I have presented my music in many different setting's. For people who are leaving this world, marriage's, birth's, in university, primary school....
No matter what my relationship is to the song/music people are effected in many different ways. Where some feel joy and happiness others may feel sorrow, some may feel gratitude while others feel hope...Each hear's and responds according to their own need's. Some just go to sleep  

You mentioned the sense of tension, resolution, climax and release as part of the dynamic's of classical music and it's effect on the listener. Generally speaking would you say that listeners will respond to these element's in a similar way? Is this the composer's intent, to take the listener's on a collective journey?
Today I was building a flute listening to radio(wbach) and Barber's Adgio was played. I had to stop working as I became filled with emotion... 

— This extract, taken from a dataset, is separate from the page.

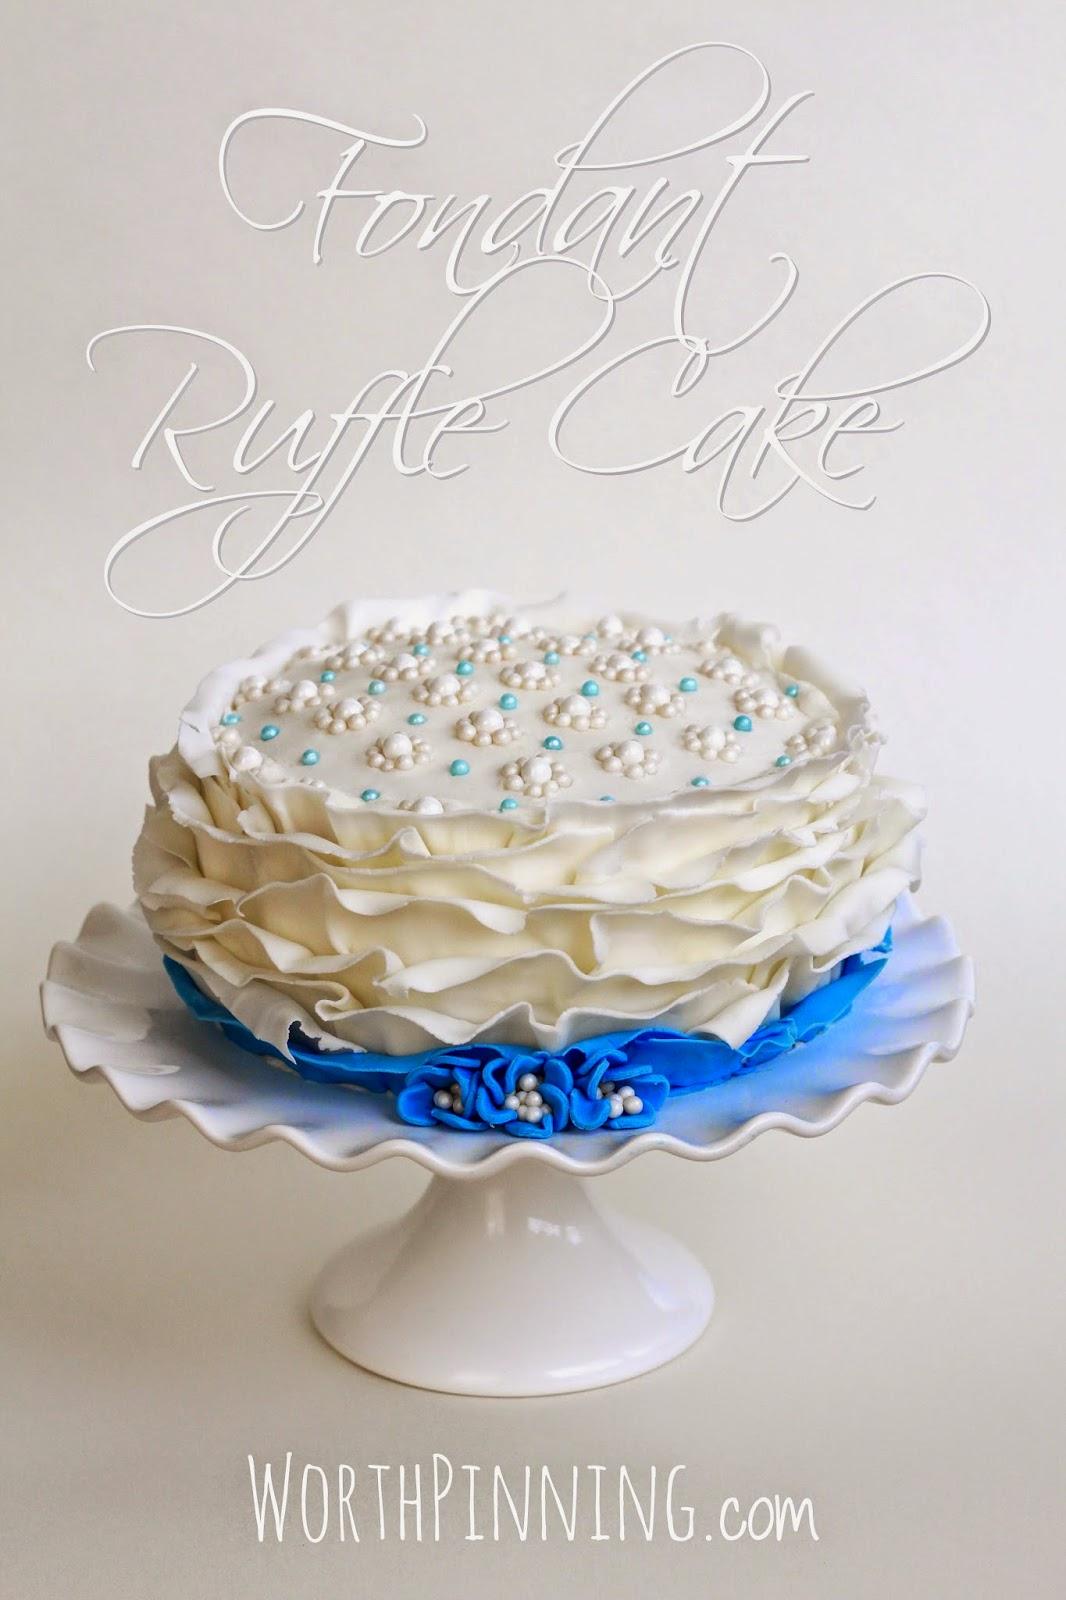 Worth Pinning Fondant Ruffle Cake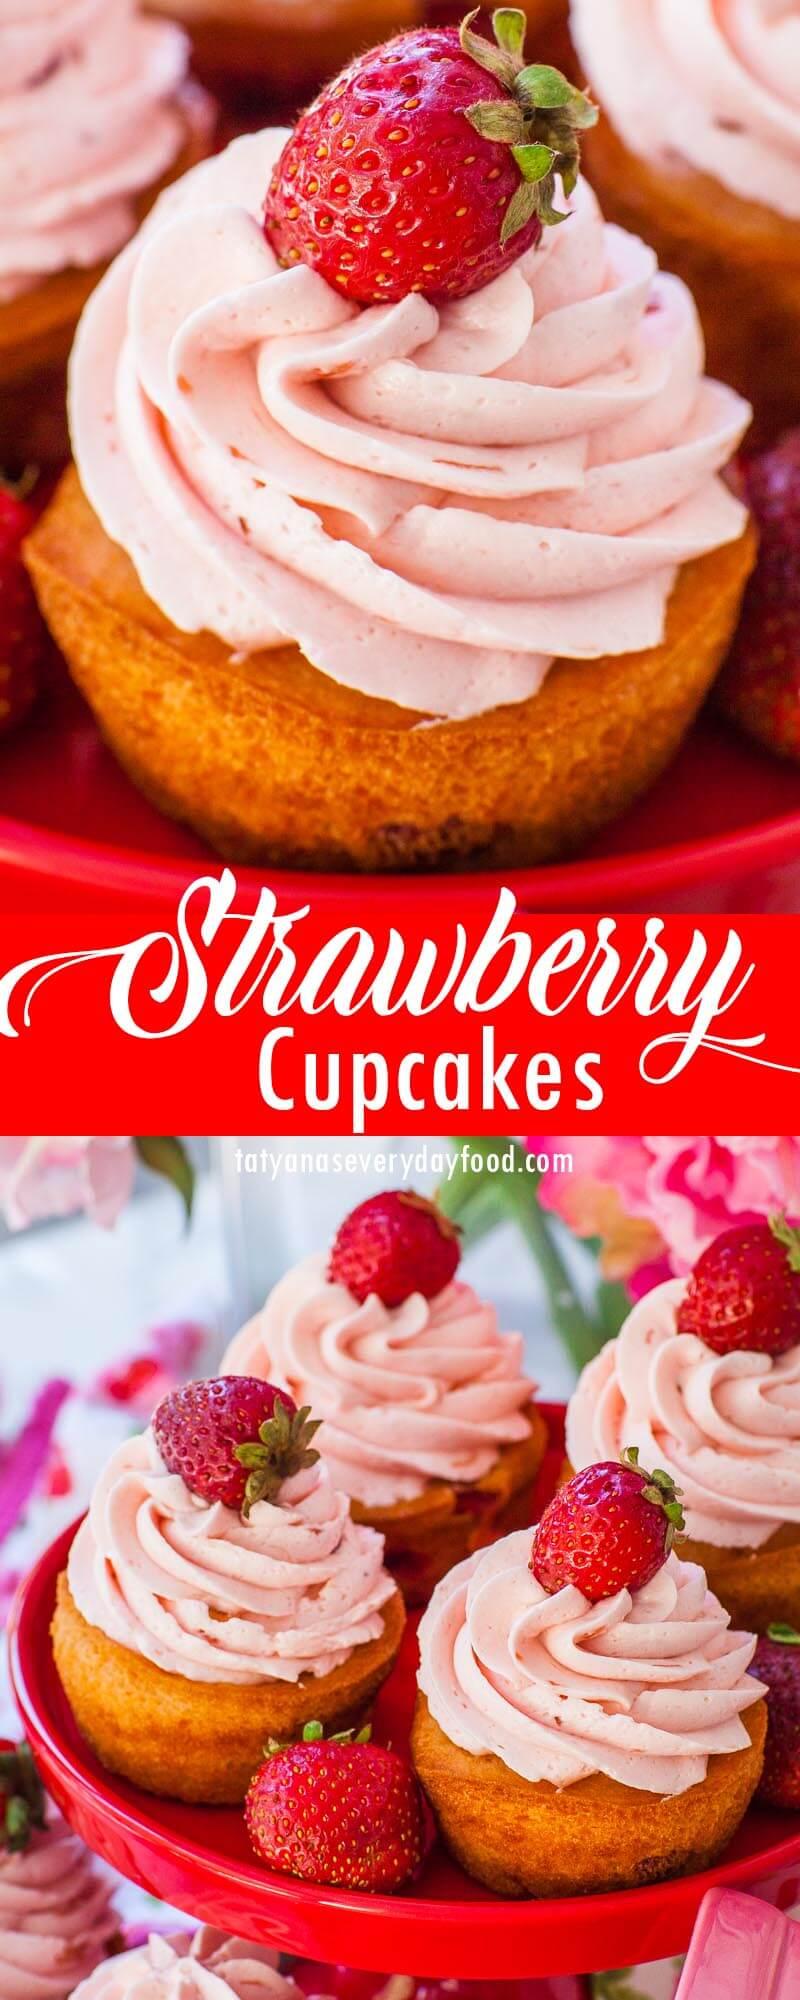 Easy Strawberry Cupcakes video recipe

I have tried recording when I play but I get to distracted with the machine's. The piece I did with the LMP needed to be finished in 3 short weeks. I did use the method you suggested (record and adjust) however it did not feel complete even when performed.
This piece was the first song I "intellectually" created and I rather enjoyed the process. I will continue to work on the the whole work in this manner.

So on a more personal note (pun intended ) what is it that consumes your time... are you a musician/composer?
Did I mention I play Yidaki (didgeridoo)? Of course you being from Australia means that you must play too right 

I will post some more music soon.
Thank You!


----------



## Oneiros (Aug 28, 2006)

That's a wonderful way of creating music, and that purpose, of exploring the inner consciousness, is one of the highest aims of music - as you say, revelation. It's so hard to put into words, the mystical depth of such experiences.

This is what attracts me to music, as a composer. I would like to re-create this kind of mystical experience for others. It's very interesting - this musical purpose has only come very recently, after I discovered different world musics and their spiritual meanings. Once one understands the light source, so to speak, one can see it coming through so many things, only with a slightly different surface coloration in each instance. That's how your statements (and music too!) strike me. 

That's quite amazing that you play Yidaki as well - is it native to America also? I don't play myself, but one of my cousins is quite good at it. 

Regarding classical music, people respond to it differently, but I think that most can feel the sense of drama and the way the harmonies move forward towards their goal. It's just something that characterises much western music - lot of _things happen_, if you get my meaning. To me it sounds very extrovert, compared to other musics which don't move around so much (so you get a sense of inner stillness instead). That's only my opinion though.

I'm very interested in your Native American Flute too - the sound is beautiful. Could you tell me a bit about it, how it is made and played, etc? Also, do you make any to sell? I'm looking to learn a non-western instrument, and a different style of playing. Thanks!


----------



## hawk (Oct 1, 2007)

Hello Oneiros,

I see you changed your user name. What does Oneiros mean? My user name is actually my name. How's that for being incognito-right in plain view 
I had an early day today which is why I did not spend much time on the forum last night. I was on the road before the (day) Light began. I love the time when the Dark and the Light are making their transition. The night is leaving and the day is awakening. In the eastern sky there is a colbalt blue color and the night animals are singing their last songs for that night...the day animals are begining to stir and you can hear their song begining! It is a magical time. 
Spent some time with high school students who were having a Cultural celebration. It was with Passamaquoddy people.One of the thing's I spoke about is the Wonder and Beauty of Life and All that enable's our living ,then I played a song called Thanksgiving. One of the teachers became very emotional in fact she began to cry uncontrollably(sp?). She ended up running out of the room. When she returned she explained that though she heard the explanation for the song it touched her in many ways causing her to feel an array of emotion's. All she could do was cry...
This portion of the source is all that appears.